### YOUR ASSIGNMENT
Starting at the first line, copy the data below through to the end, exactly.

RECORDS SUPPLIED Start Marker

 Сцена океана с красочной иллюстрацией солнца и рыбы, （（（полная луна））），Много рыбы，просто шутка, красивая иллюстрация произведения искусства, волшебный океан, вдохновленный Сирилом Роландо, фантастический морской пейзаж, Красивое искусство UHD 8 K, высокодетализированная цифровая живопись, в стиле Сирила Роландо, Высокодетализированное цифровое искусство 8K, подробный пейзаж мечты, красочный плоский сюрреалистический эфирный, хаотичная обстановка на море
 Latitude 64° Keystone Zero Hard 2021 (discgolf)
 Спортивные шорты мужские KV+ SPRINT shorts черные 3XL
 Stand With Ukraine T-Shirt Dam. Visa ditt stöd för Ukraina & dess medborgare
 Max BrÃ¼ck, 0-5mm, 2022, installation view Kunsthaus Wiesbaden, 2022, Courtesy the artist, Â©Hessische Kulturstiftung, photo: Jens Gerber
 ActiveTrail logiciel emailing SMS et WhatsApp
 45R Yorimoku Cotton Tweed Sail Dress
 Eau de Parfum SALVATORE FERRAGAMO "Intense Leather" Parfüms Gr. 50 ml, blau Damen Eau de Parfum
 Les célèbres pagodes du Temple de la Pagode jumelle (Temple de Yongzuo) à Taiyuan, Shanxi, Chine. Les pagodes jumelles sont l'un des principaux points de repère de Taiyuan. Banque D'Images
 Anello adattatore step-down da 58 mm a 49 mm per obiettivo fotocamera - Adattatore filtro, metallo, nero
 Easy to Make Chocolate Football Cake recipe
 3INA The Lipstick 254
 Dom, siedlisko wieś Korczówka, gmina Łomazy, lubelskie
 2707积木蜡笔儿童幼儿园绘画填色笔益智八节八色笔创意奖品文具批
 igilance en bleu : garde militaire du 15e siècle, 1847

RECORDS SUPPLIED End Marker

### ANSWER AREA
 Сцена океана с красочной иллюстрацией солнца и рыбы, （（（полная луна））），Много рыбы，просто шутка, красивая иллюстрация произведения искусства, волшебный океан, вдохновленный Сирилом Роландо, фантастический морской пейзаж, Красивое искусство UHD 8 K, высокодетализированная цифровая живопись, в стиле Сирила Роландо, Высокодетализированное цифровое искусство 8K, подробный пейзаж мечты, красочный плоский сюрреалистический эфирный, хаотичная обстановка на море
 Latitude 64° Keystone Zero Hard 2021 (discgolf)
 Спортивные шорты мужские KV+ SPRINT shorts черные 3XL
 Stand With Ukraine T-Shirt Dam. Visa ditt stöd för Ukraina & dess medborgare
 Max BrÃ¼ck, 0-5mm, 2022, installation view Kunsthaus Wiesbaden, 2022, Courtesy the artist, Â©Hessische Kulturstiftung, photo: Jens Gerber
 ActiveTrail logiciel emailing SMS et WhatsApp
 45R Yorimoku Cotton Tweed Sail Dress
 Eau de Parfum SALVATORE FERRAGAMO "Intense Leather" Parfüms Gr. 50 ml, blau Damen Eau de Parfum
 Les célèbres pagodes du Temple de la Pagode jumelle (Temple de Yongzuo) à Taiyuan, Shanxi, Chine. Les pagodes jumelles sont l'un des principaux points de repère de Taiyuan. Banque D'Images
 Anello adattatore step-down da 58 mm a 49 mm per obiettivo fotocamera - Adattatore filtro, metallo, nero
 Easy to Make Chocolate Football Cake recipe
 3INA The Lipstick 254
 Dom, siedlisko wieś Korczówka, gmina Łomazy, lubelskie
 2707积木蜡笔儿童幼儿园绘画填色笔益智八节八色笔创意奖品文具批
 igilance en bleu : garde militaire du 15e siècle, 1847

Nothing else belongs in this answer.